What Makes a Quality Site According to Matt Cutts
The head of Google’s Search Spam team, Matt Cutts, was recently interviewed by Eric Enge on the subject of “What Makes a Quality Site.” It’s a good quick read that should get you thinking about how you can improve your site and thus generate more traffic. Written below is what I got from it.
We know that everybody with a website wants to rank higher in Google to generate additional traffic to their site. And they want to accomplish the higher rankings as soon as possible and with the least amount of effort. While in the past it has been quite easy to accomplish this by taking advantage of certain loopholes and ranking indicators, Google is working to make it more difficult. And this upsets a lot of webmasters.
“Why should I have to work harder for something that was so easy in the past?”
The overarching reason for this is because Google’s search results serve up a lot of spammy, repetitive websites built to manipulate the results. Pushing for sites to strive for quality is a way ‘to improve the quality of search results’.
What can we take away from this interview to help improve our sites?
- Rather than regurgitating the same content that already exists, work to bring additional value.

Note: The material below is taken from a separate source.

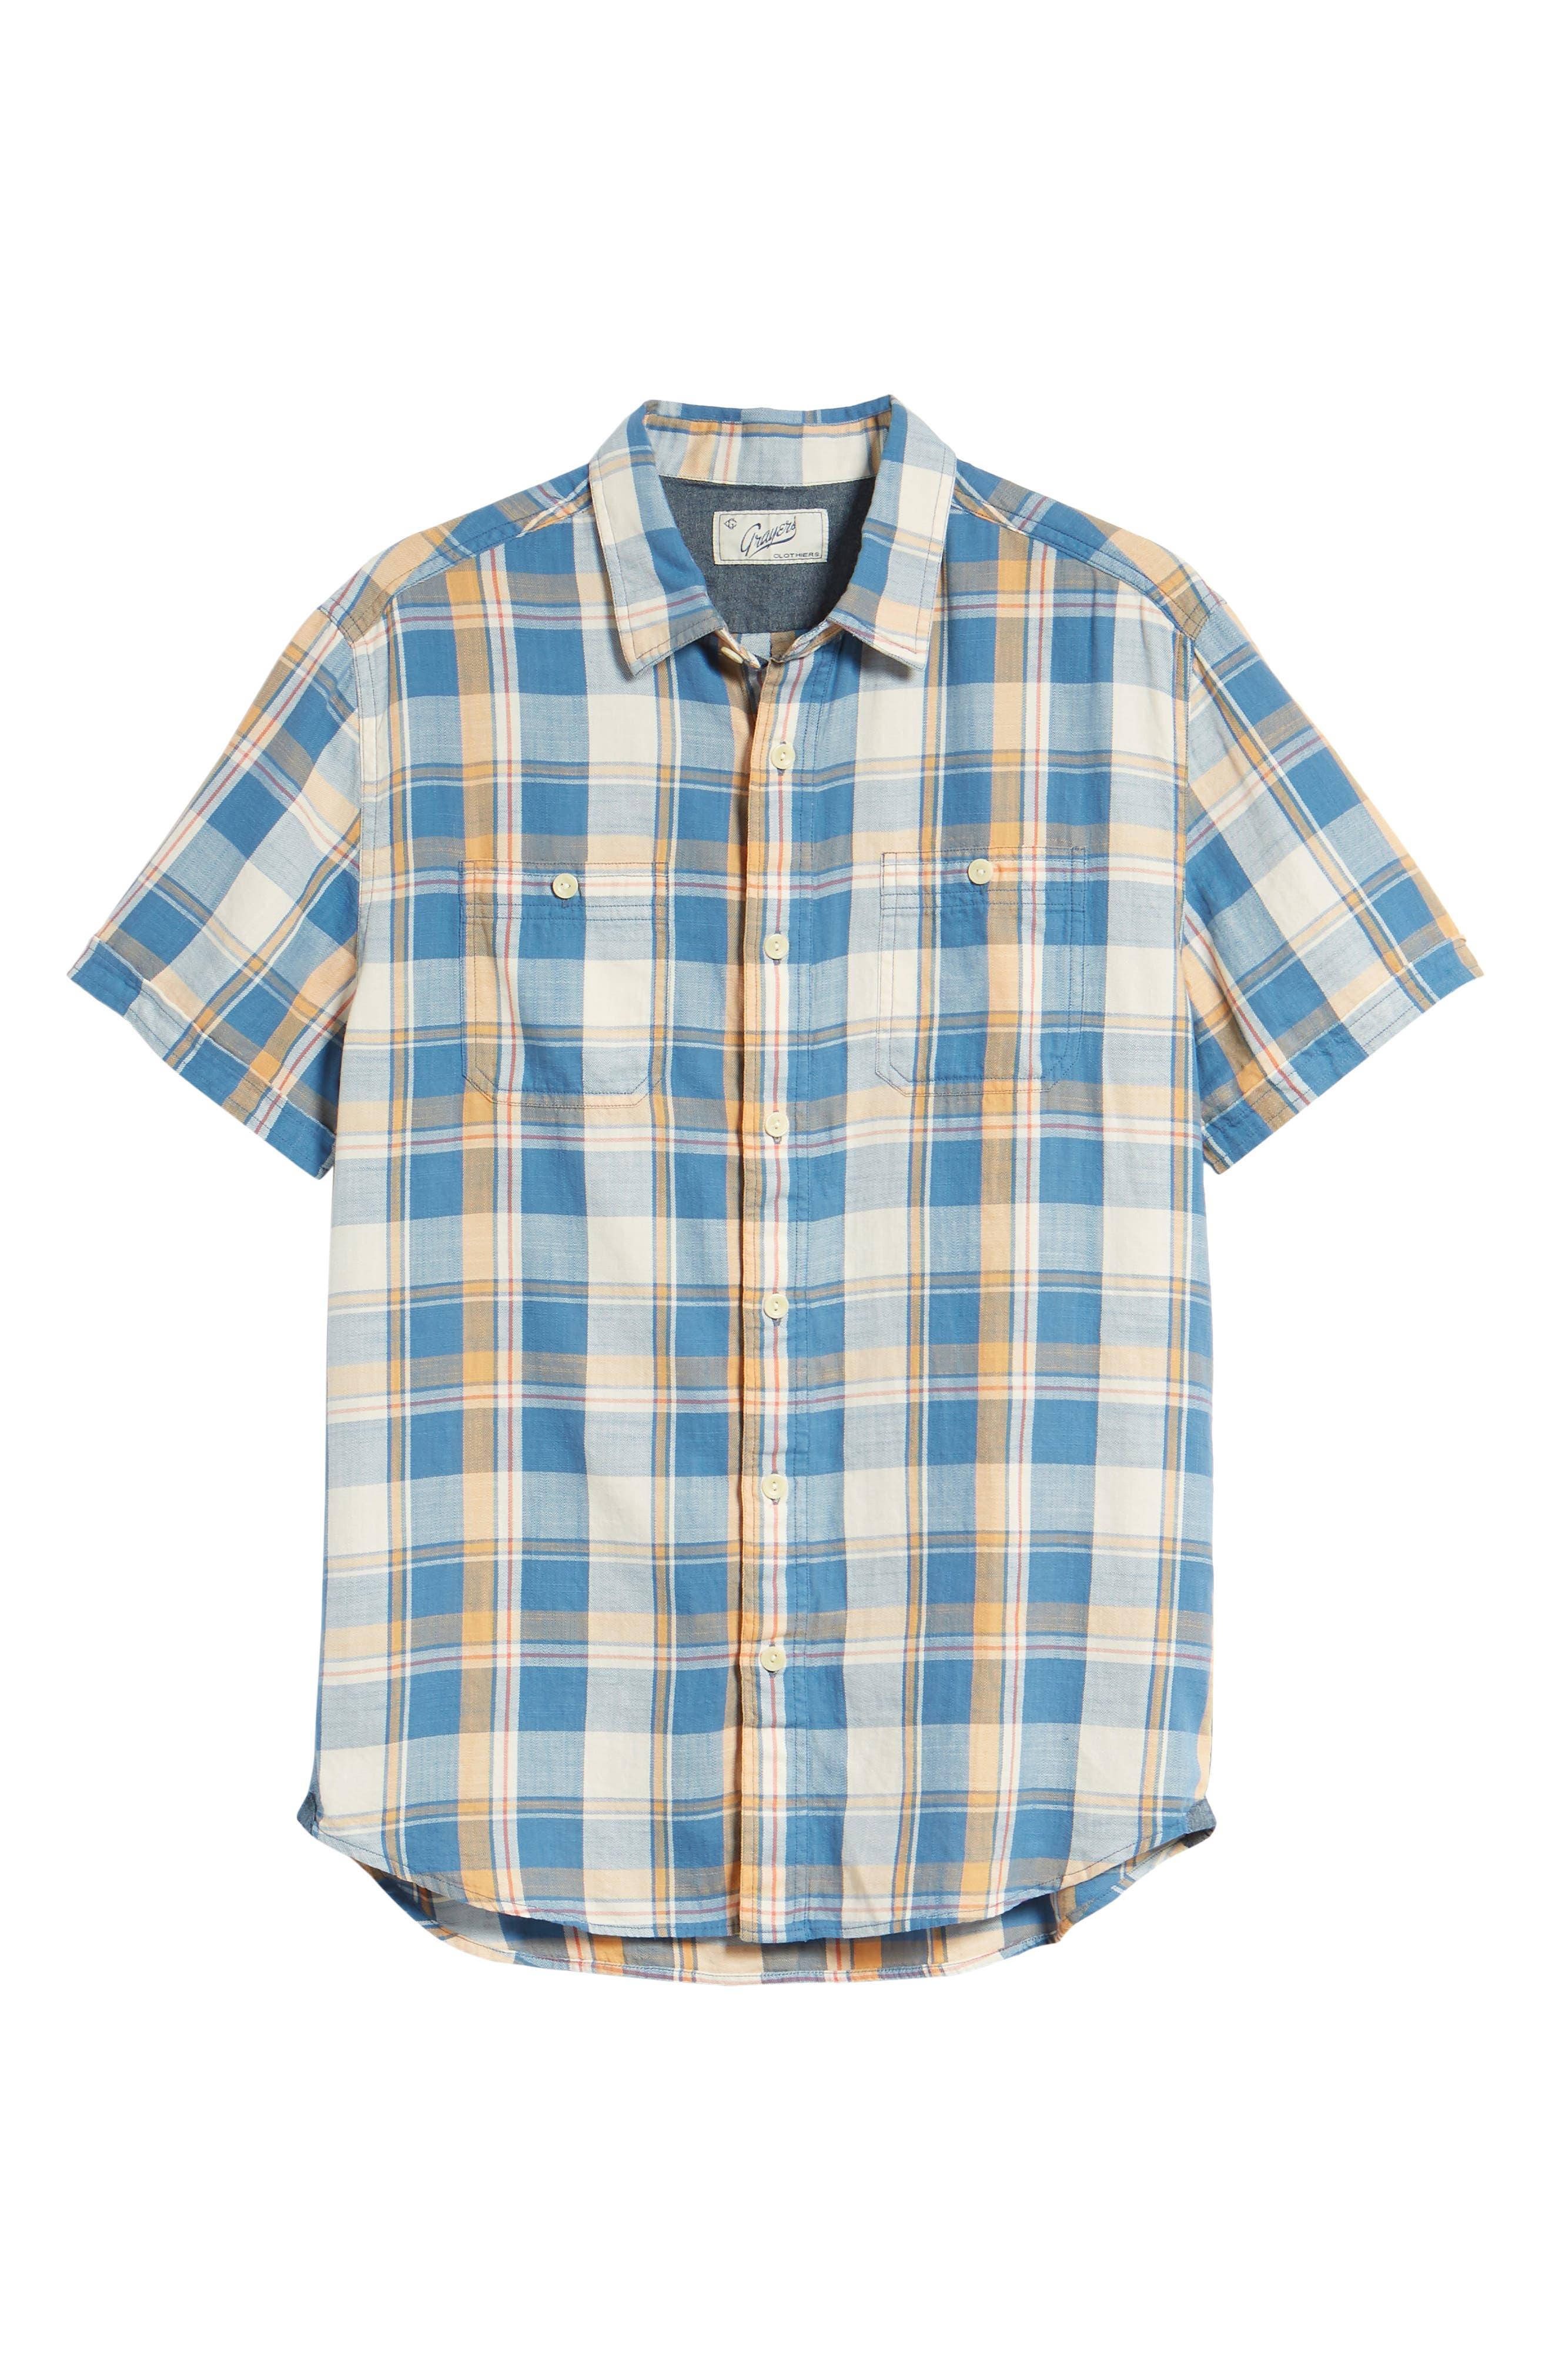 Sherman Plaid Slub Twill Sport Shirt,                             Alternate thumbnail 6, color,                             Blue Mustard Red

- Focus on what differentiates you. Describe what makes you special. This can be difficult for e-commerce sites that sell the same products as many other sites – get creative. See number 1 above.
- Focus on distinguishing yourself in a niche area before going head-to-head with the big players. If you follow the above steps, your unique content has a good chance at cracking the first page because Google values diversity in the search results.
- SEO isn’t really about ‘link building’. Yes, acquiring links to your site helps achieve rankings but focus your efforts at a higher level. Approach this at the PR/marketing level and you’ll avoid wasting time seeking out useless links.
- Infographics and other types of link bait might soon be devalued by Google. This is yet another effort that has been used to garner a large quantity of links and thus used to manipulate search results. While some/many infographics are useful and of high quality, there are, according to Google, too many that are unresearched and of low quality.
- Sites that have many entry pages, such as restaurants that have locations in many cities, have typically created pages for each city with virtually the same, redundant copy. Cutts advises to cut the redundancy and replace with more unique content – even if its only 2 or 3 sentences. Again, see number 1 above.